DESCRIPTION OF THE TASK =>
Begin at the line that has "Suppliers Price Conveyor", stop after the line that has "Beginner's Braided Headband", and print exactly those lines from the records below, without any pictures.

DATA SECTION =>
====

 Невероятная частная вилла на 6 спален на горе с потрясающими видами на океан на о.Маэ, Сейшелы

====

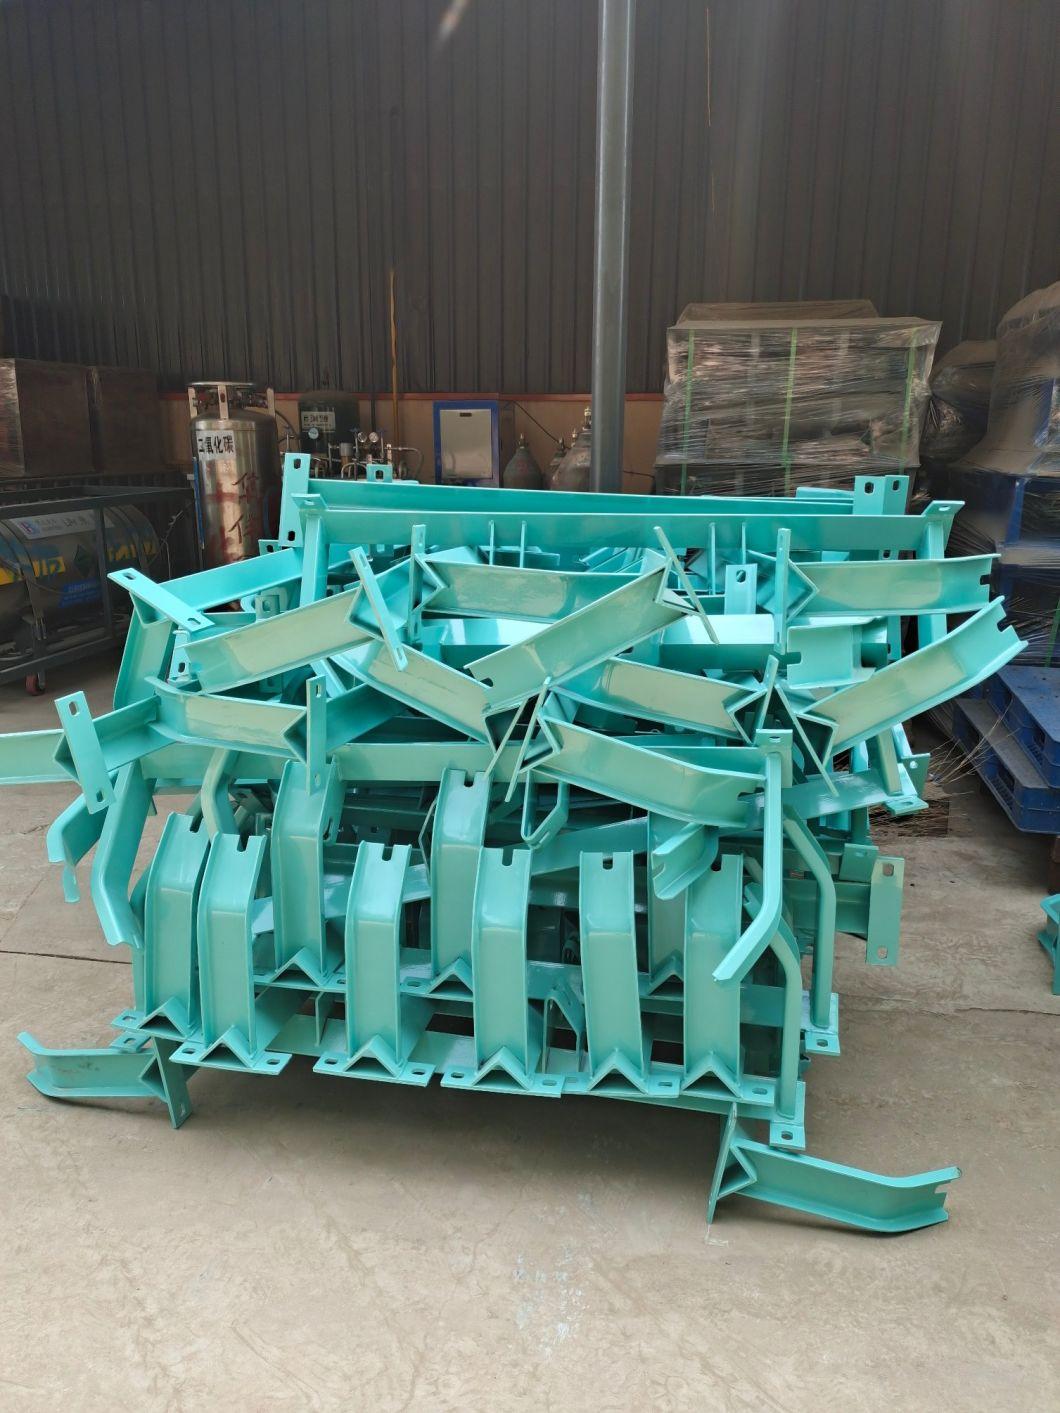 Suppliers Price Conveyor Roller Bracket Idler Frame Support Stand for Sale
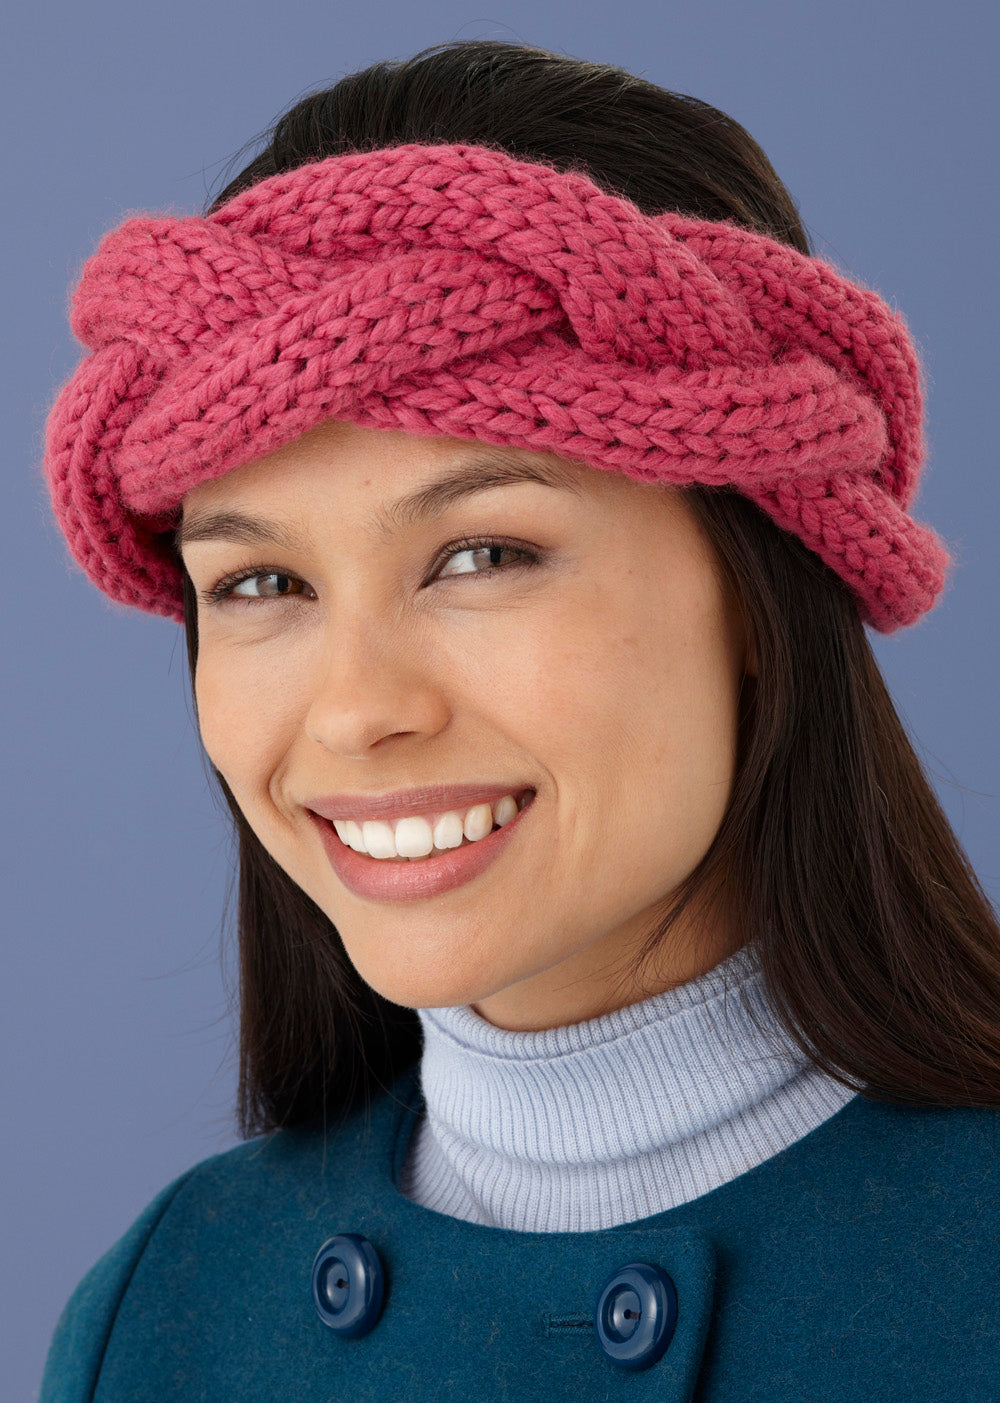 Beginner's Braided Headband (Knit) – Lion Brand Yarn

====

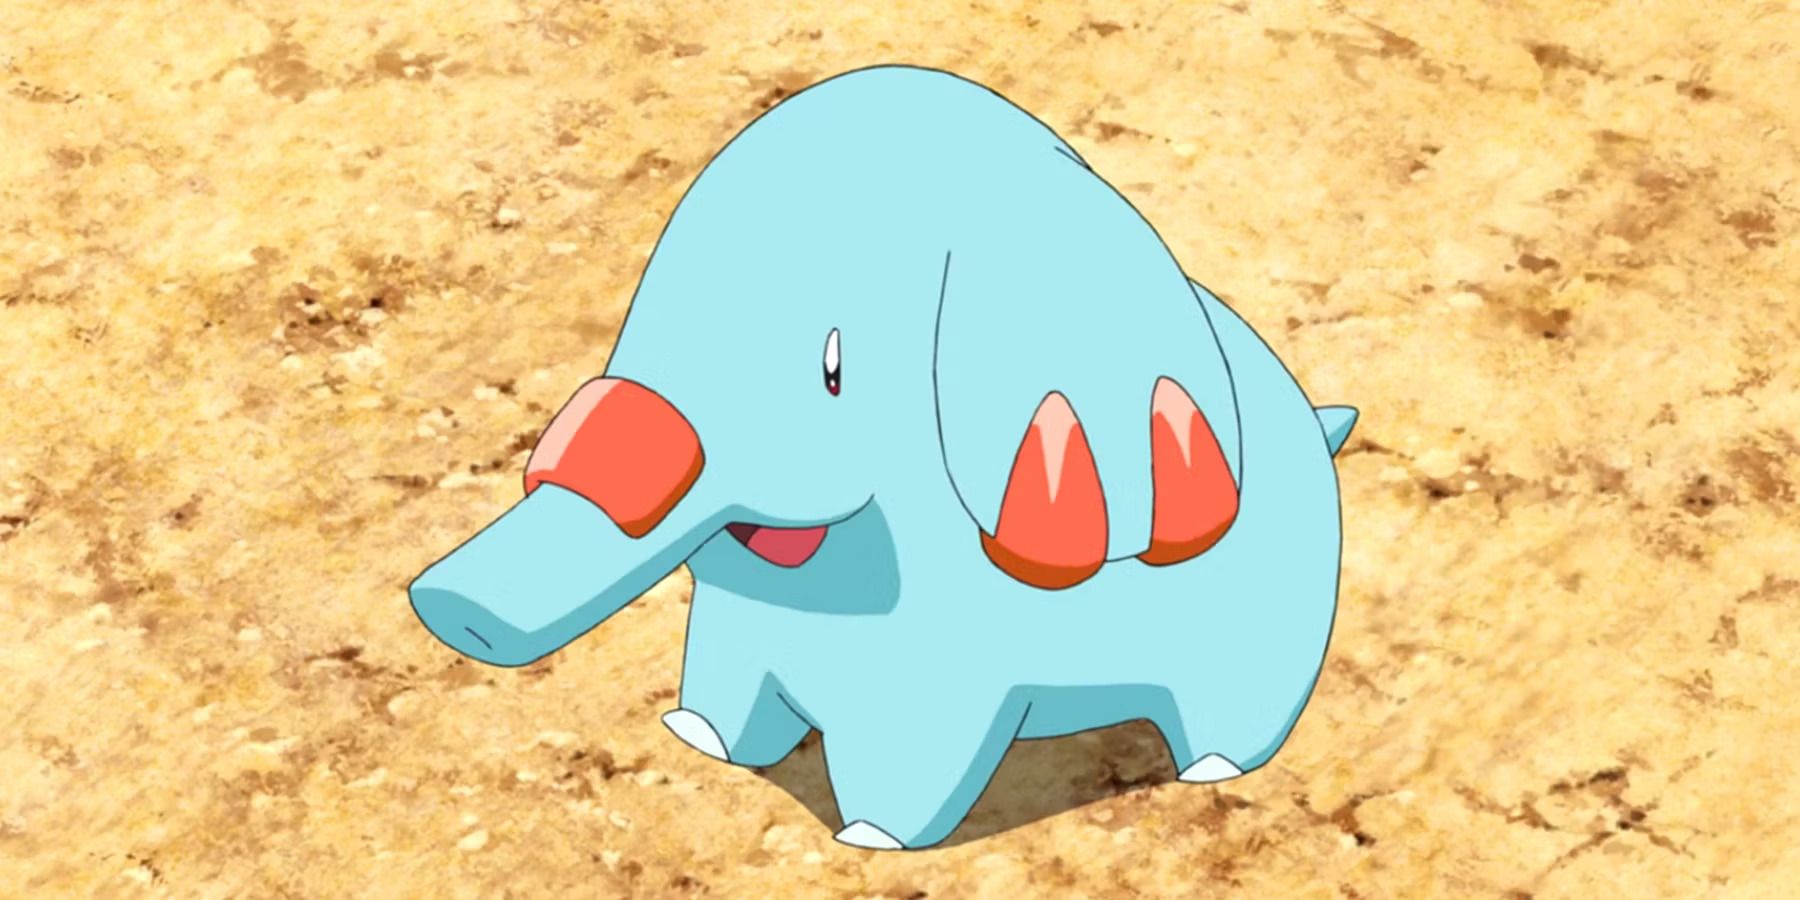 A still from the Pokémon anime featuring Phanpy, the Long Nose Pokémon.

====

THE COMPLETED TASK =>
 Suppliers Price Conveyor Roller Bracket Idler Frame Support Stand for Sale
 Beginner's Braided Headband (Knit) – Lion Brand Yarn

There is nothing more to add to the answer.